Molly Copeland, OC ’15, was also heavily involved in SWAP when it was getting started. She said that the co-op received so many books that they ended up with a shopping cart full of extra books for over a year.
While SWAP’s emergence felt like a fresh solution to an old problem, it was not the first book co-op to serve the Oberlin community. The Co-op Bookstore, which closed in 1999 due to financial issues, was a popular cooperative business through much of the ’80s and ’90s. The bookstore was part of a larger system of cooperative businesses called The Oberlin Consumers Cooperative. The OCC operated on a large scale from the early ’40s until the late ’90s. It included a wide range of businesses including grocery stores, laundromats, clothing stores, a bus ticket agency, a credit union, and a restaurant.
While many of SWAP’s principles were based on the Co-op Bookstore, some of its operations were starkly different. Cerdera mentioned that while the Co-op Bookstore operated within a larger cooperative structure, SWAP was just a bookstore. Furthermore, the Co-op Bookstore required forms of monetary exchange, while SWAP aimed to stay away from cash.
“We did a ton of research into what the old book co-op looked like and how [it] operated, and we ended up going in a super different direction,” Cerdera said. “[In] the old co-op, … people were still using cash to buy stuff. It was like a collective buyers’ co-op, and we didn’t think that that was quite what we needed.”
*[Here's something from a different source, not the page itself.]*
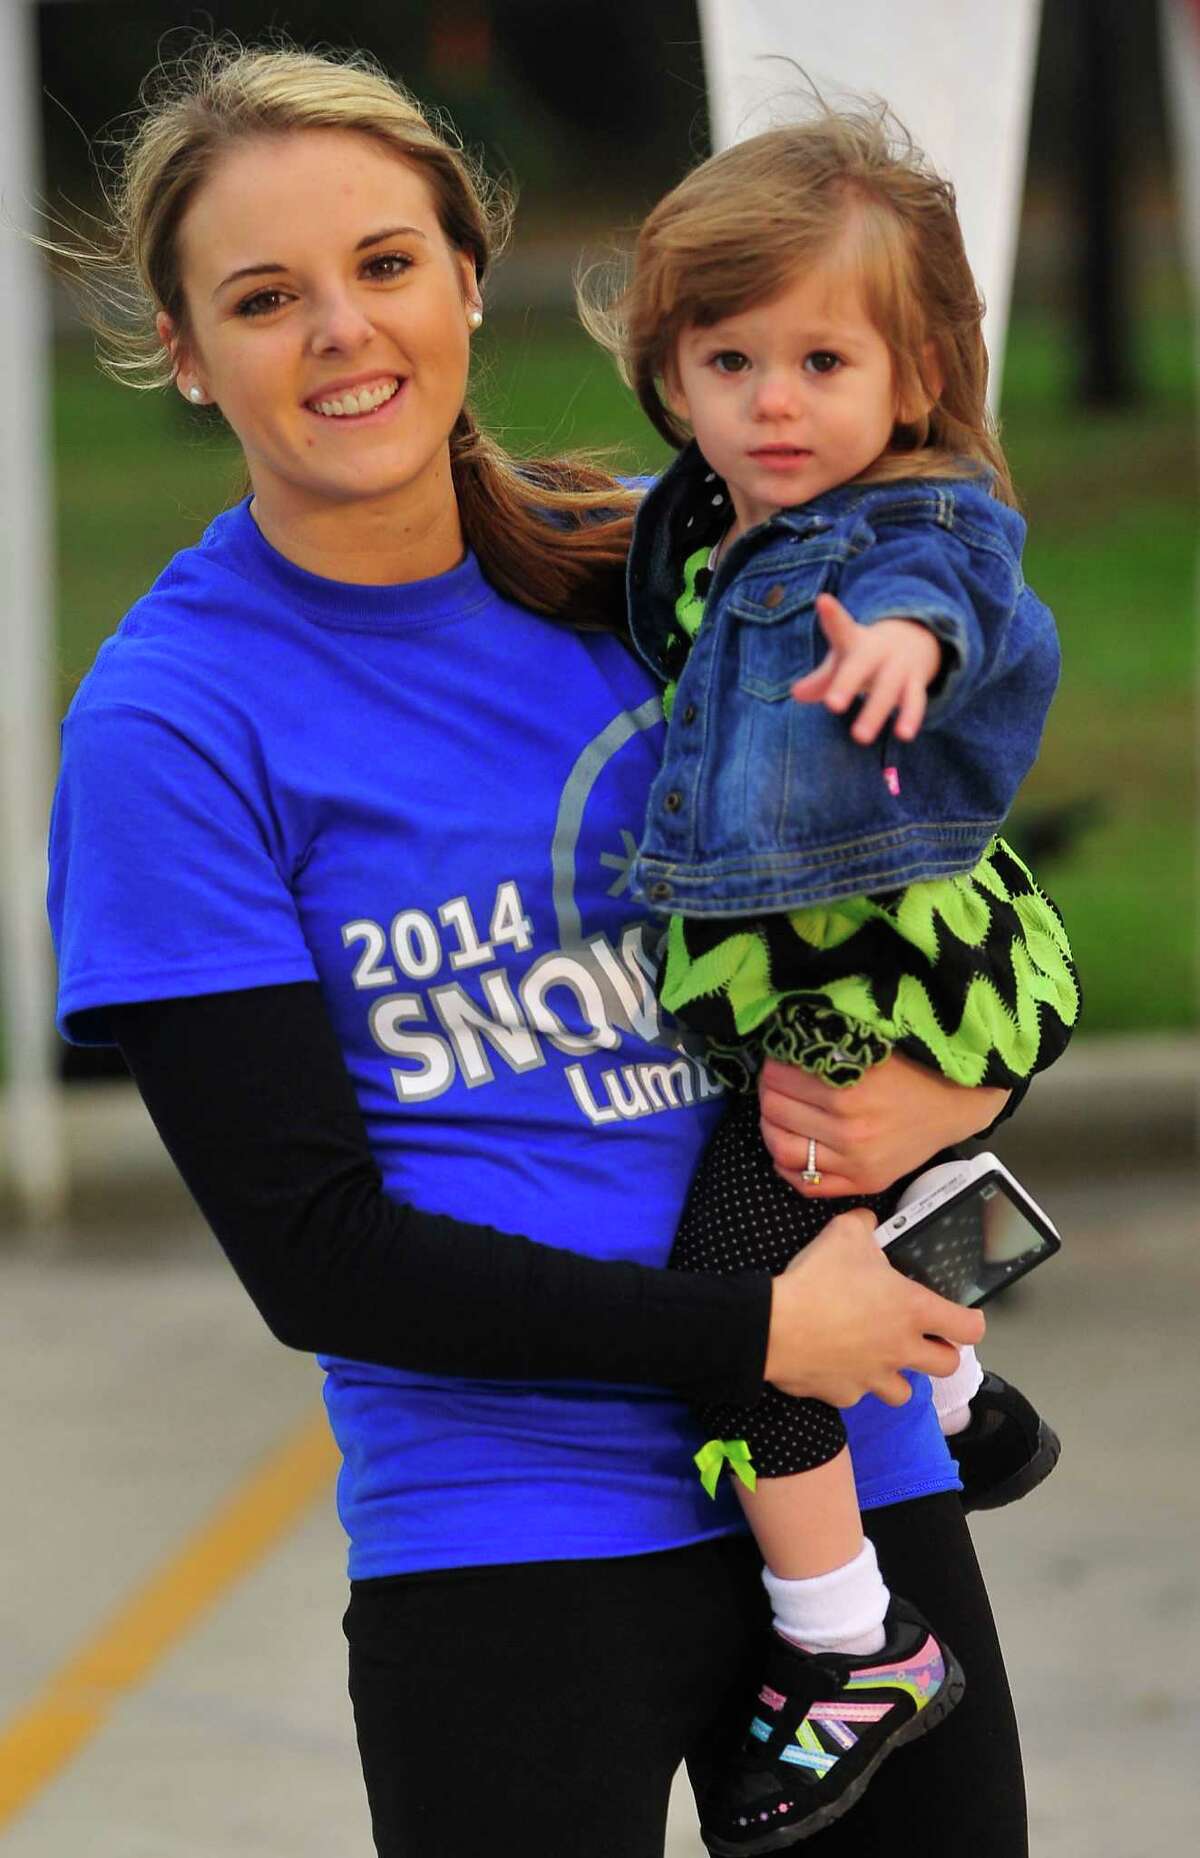 The Snow Run & Walk 5K was held Saturday at the Lumberton City Park. Proceeds from the event went toward the nonprofit charity Ulcerative Colitis Foundation of American, which raises funds for scholarships for those affected by the disease. Photo by Cassie Smith/@smithcassie. March 29, 2014.

Today, College third-year Remy Gajewski is working to rebuild SWAP, and the co-op is still in the process of getting back up and running at full capacity after its move and two-year hiatus. Gajewski’s end goal is to reinstate many of the old systems and rules with minor changes, but for now, they’re working on organizing all the books and setting up the new space.
“We don’t have the infrastructure to really do the point system right now,” Gajewski said. “We’ve kind of just been doing a take what you need, give what you can.”
By fall, Gajewski hopes to have more volunteers and greater student involvement in the co-op.
“SWAP functioning is also really contingent on students participating and being a part of it,” Gajewski said. “The more people that are a part of it, know about it, and are participating, the better it can run.”
The feeling of community engagement and cooperative effort involved with SWAP is something that all the alumni talked about fondly.
“One of the things that I loved about SWAP was the community and getting to know these people,” Martin said.
Copeland shared a similar sentiment, adding that the group wanted the space to have a certain atmosphere, too.
“I think there was a special magic in the group that just sort of carried it,” Copeland said. “We really did want people to come in and just hang out. … We really hoped it would be a study space.”
Hartog agreed that the co-op space had a certain charm that she always enjoyed.
“It kinda had the feel of a really tiny library or a tiny cafe, which I liked,” Hartog said.
Gajewski talked about building the co-op back up to bring out many of these old feelings of cooperation and community. They are excited about the future of the co-op and hope to have it fully functioning by the start of fall semester.
“I think that it’s a really amazing resource that these people have made, and I really want to see it thrive again,” Gajewski said. “I’m really excited to see where it takes off from now.”